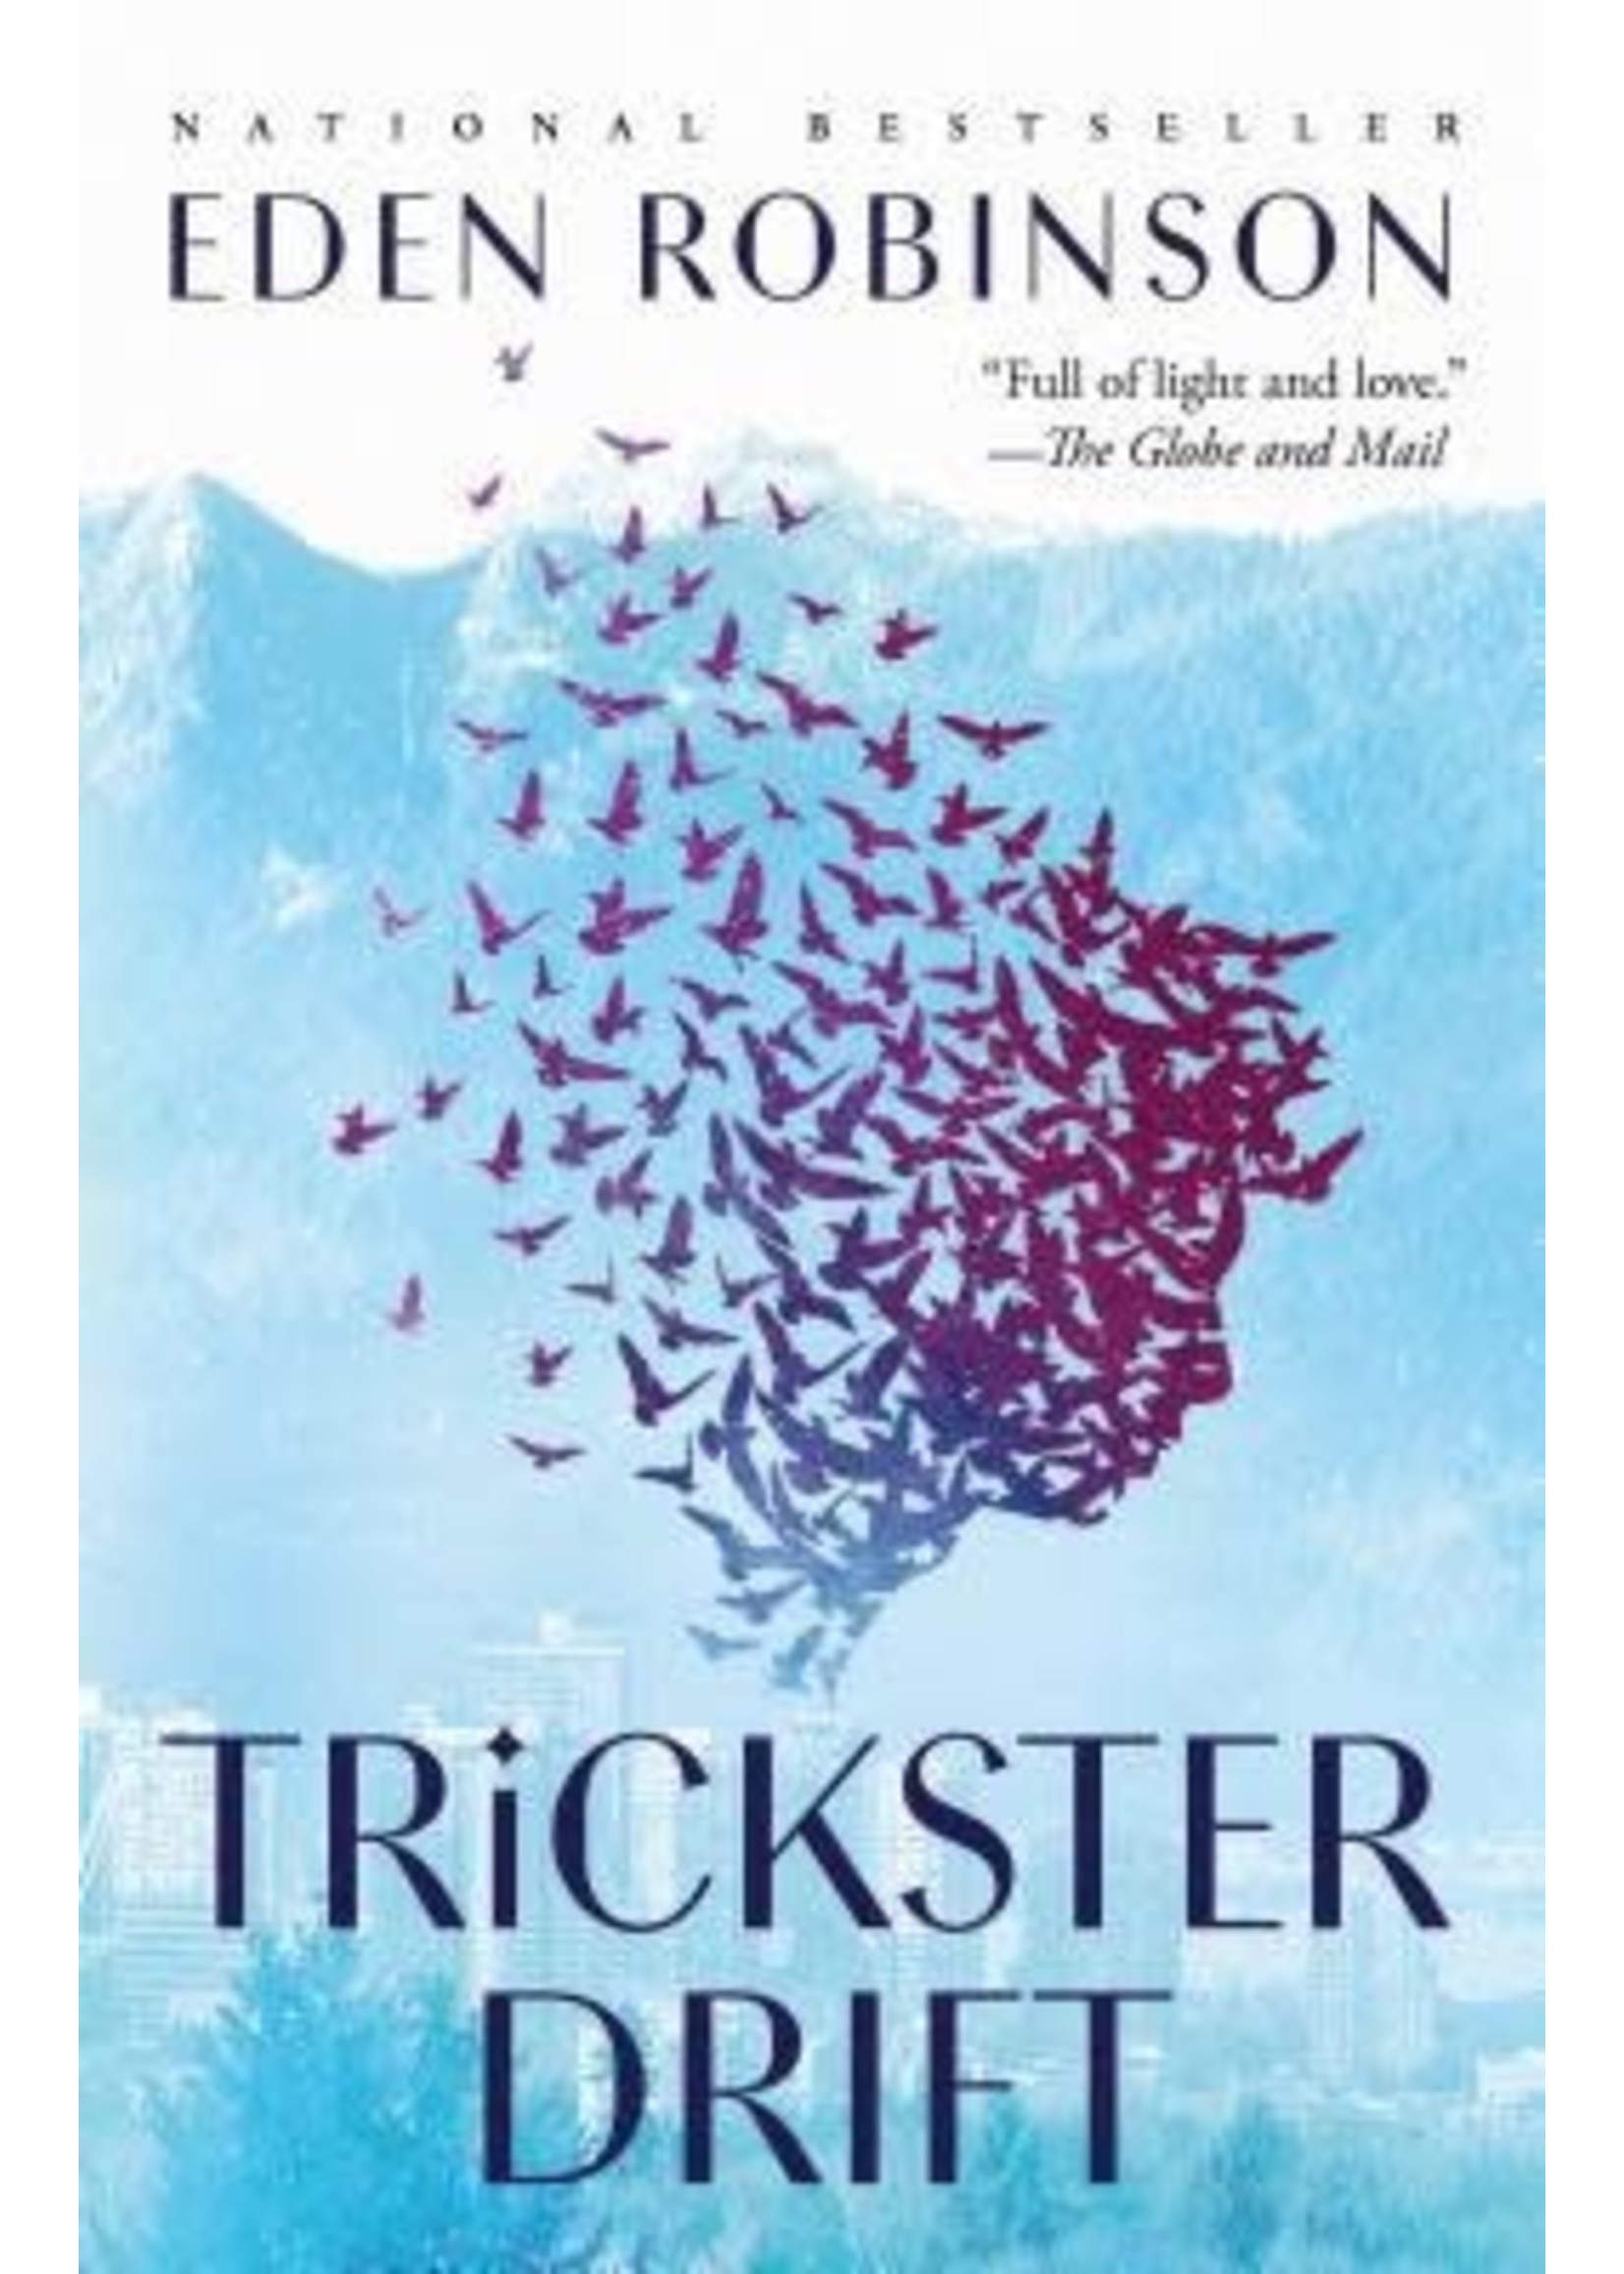 Trickster Drift (Trickster #2) by Eden Robinson
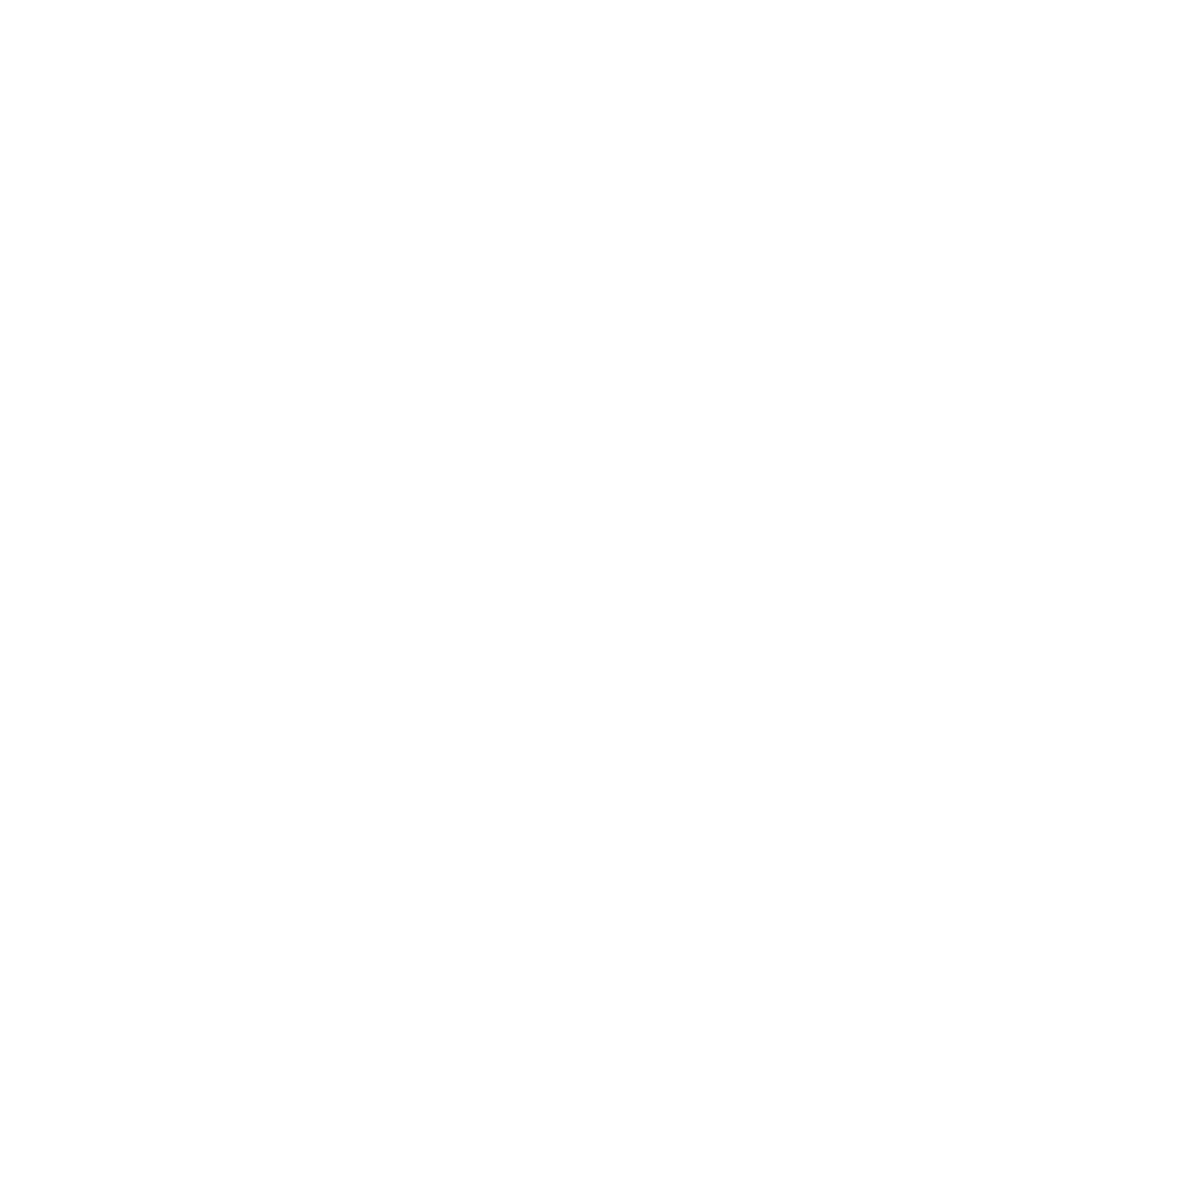 Coop (1)
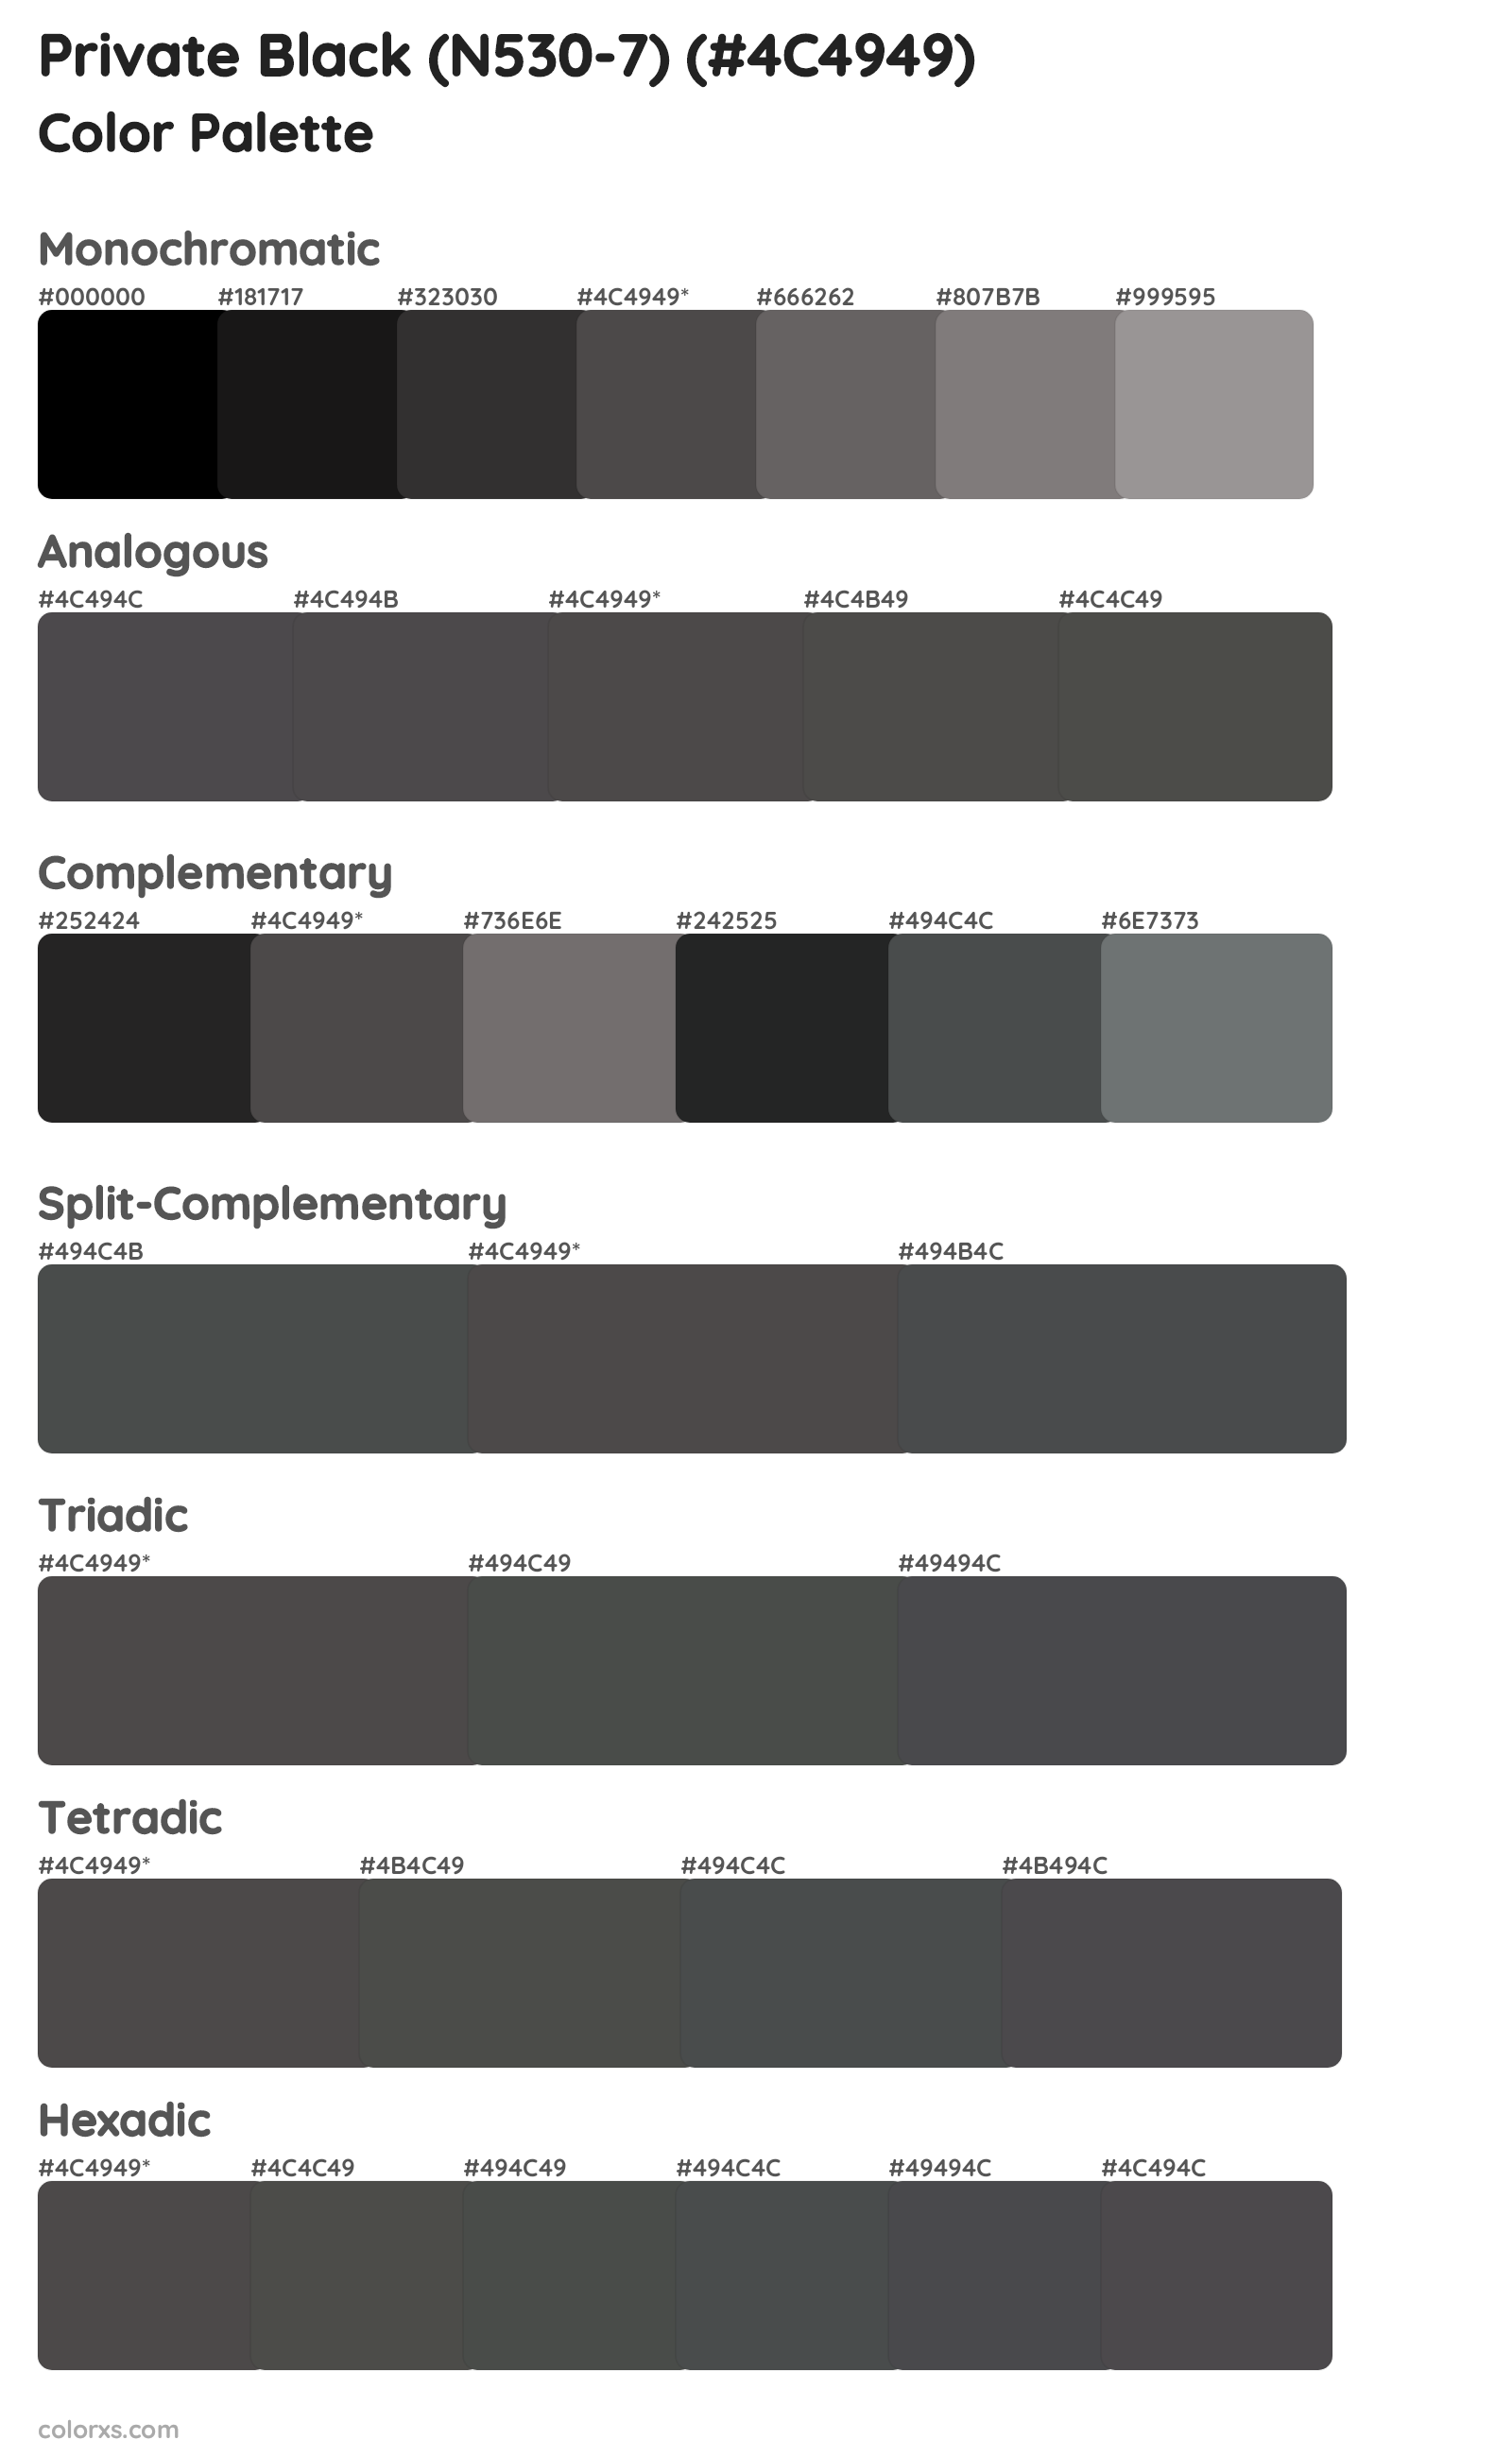 Private Black (N530-7) Color Scheme Palettes

-------

**Aim of the exercise**
The aim is an exact repeat of the entire listing, stripped of pictures.

**Answer to this problem**
 Trickster Drift (Trickster #2) by Eden Robinson
 Coop (1)
 Private Black (N530-7) Color Scheme Palettes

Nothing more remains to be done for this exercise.